我有一条从 A 点到 B 点的线;我有 (x,y) 两点。我还有一个以 B 为中心的矩形以及矩形的宽度和高度。
我需要找到与矩形相交的直线中的点。有没有一个公式可以给我那个点的 (x,y)?
【问题讨论】:
标签: algorithm geometry line intersection
点A总是在矩形的外面,点B总是在矩形的中心
假设矩形是轴对齐的,这让事情变得非常简单:
直线的斜率是 s = (Ay - By)/(Ax - Bx)。
一旦你知道它相交的边,你就会知道一个坐标:x = Bx ± w/2 或 y = By ± h/2,具体取决于你碰到的边。
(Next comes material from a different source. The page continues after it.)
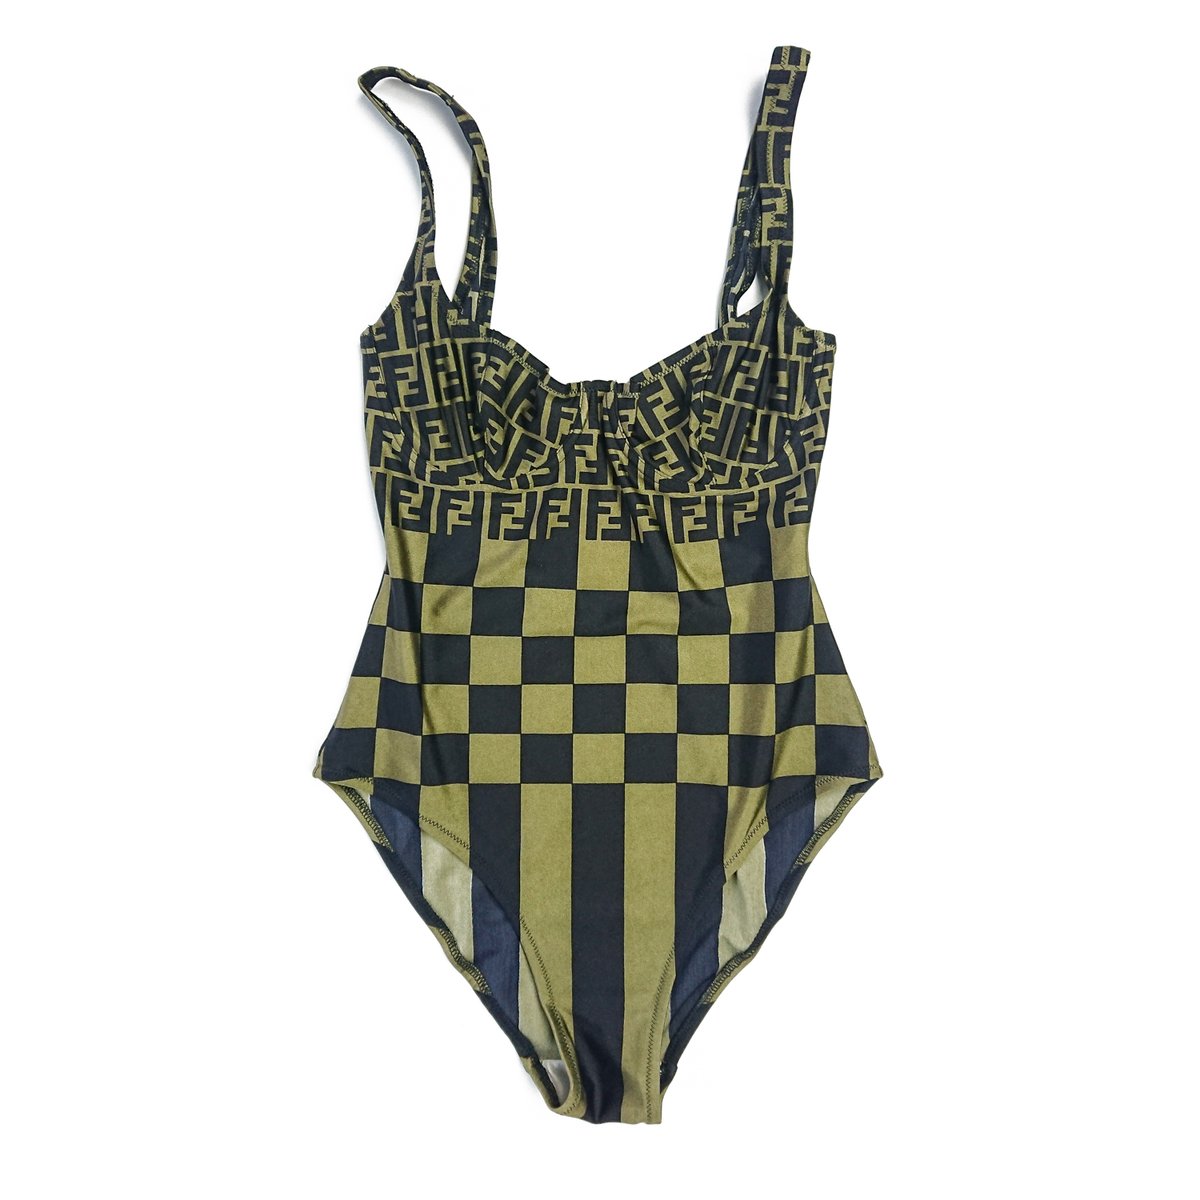 Fendi Mare Zucca Swimsuit † Ruder Than The Rest
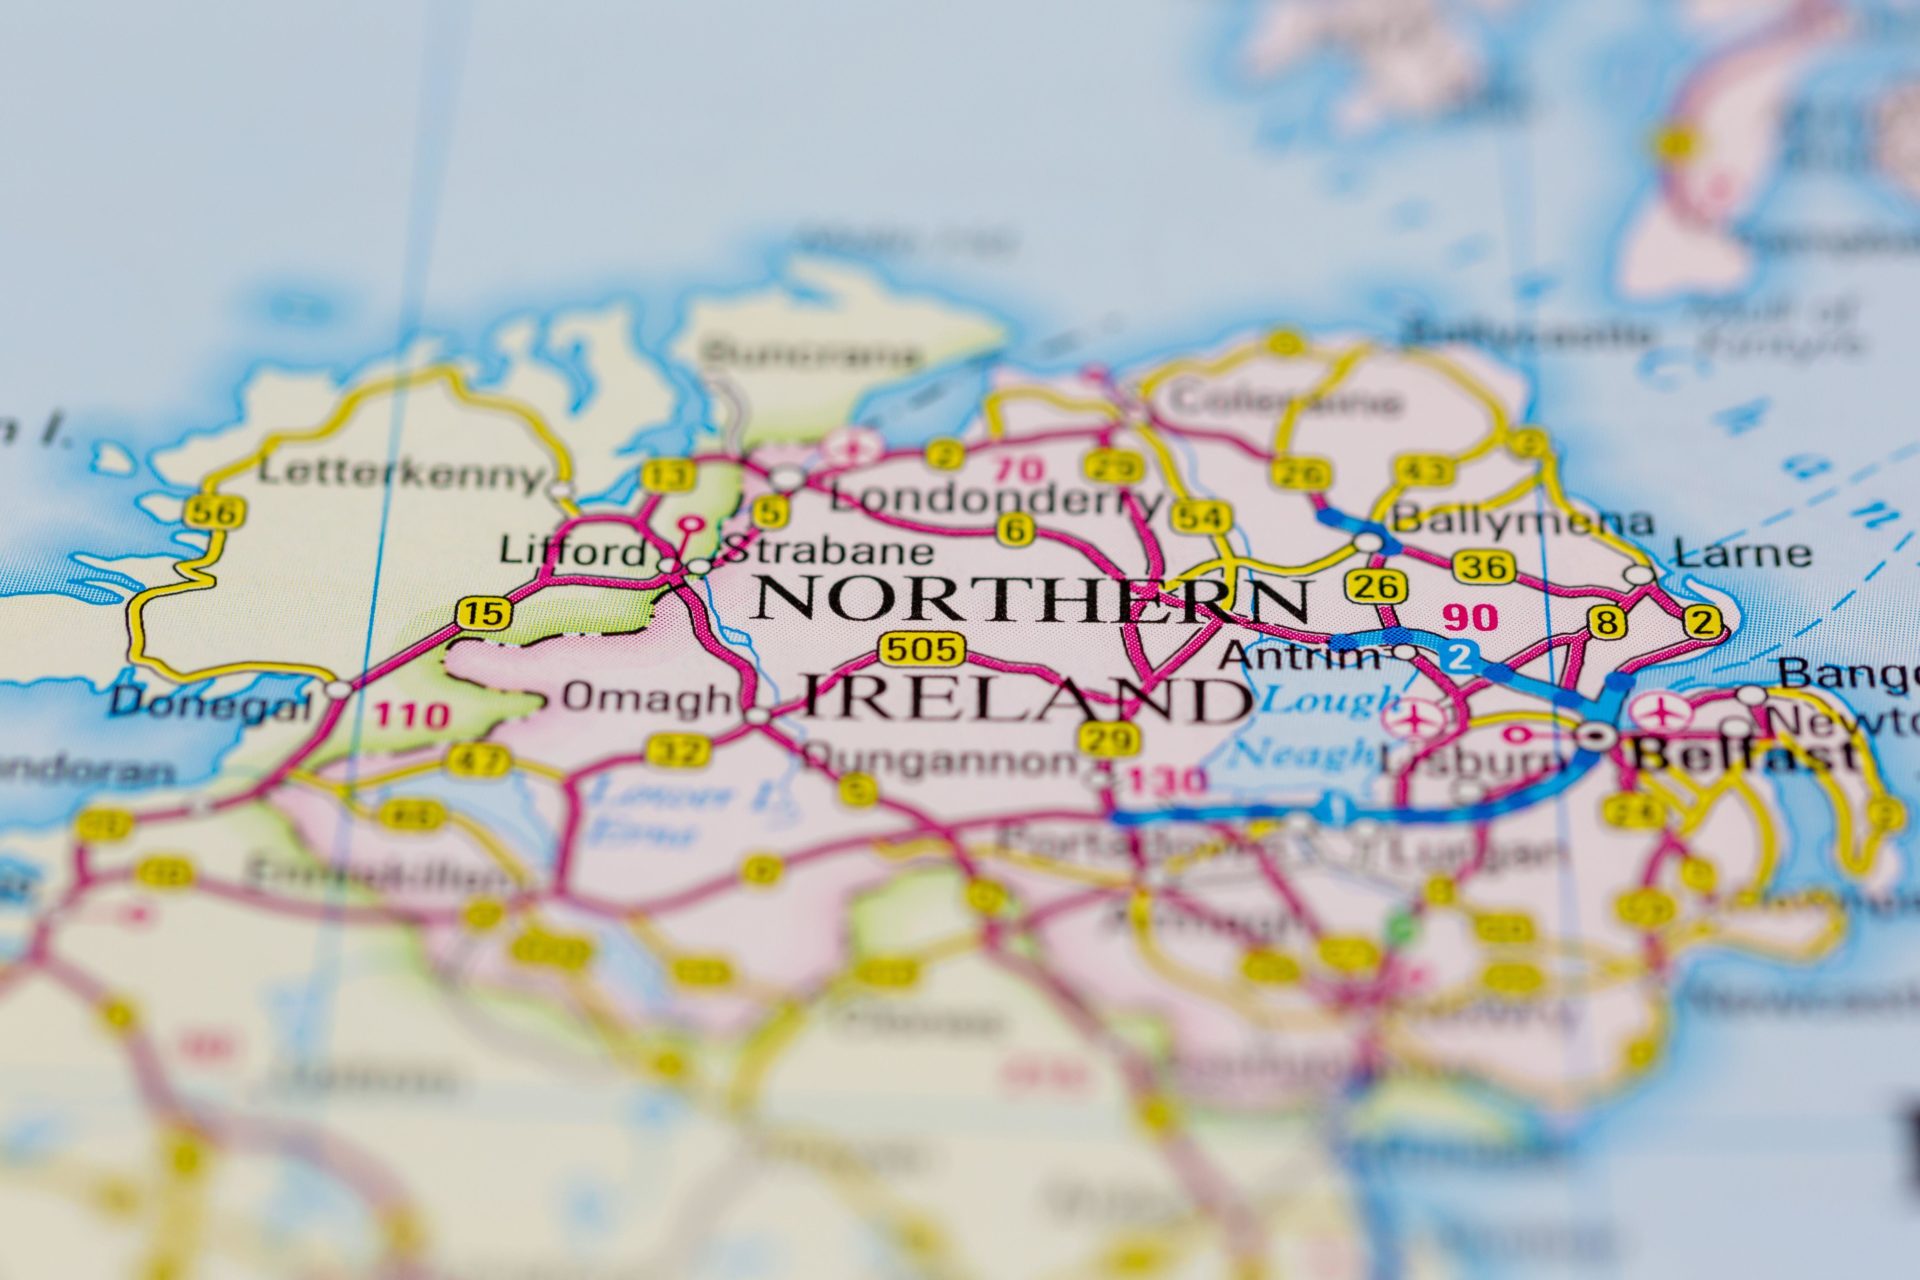 Northern Ireland is shown on a map, 19-3-21

另一个坐标由 y = By + s * w/2 或 x = Bx + (h/2)/s 给出。
【讨论】:
/**
* Finds the intersection point between
* * the rectangle
* with parallel sides to the x and y axes
* * the half-line pointing towards (x,y)
* originating from the middle of the rectangle
*
* Note: the function works given min[XY] <= max[XY],
* even though minY may not be the "top" of the rectangle
* because the coordinate system is flipped.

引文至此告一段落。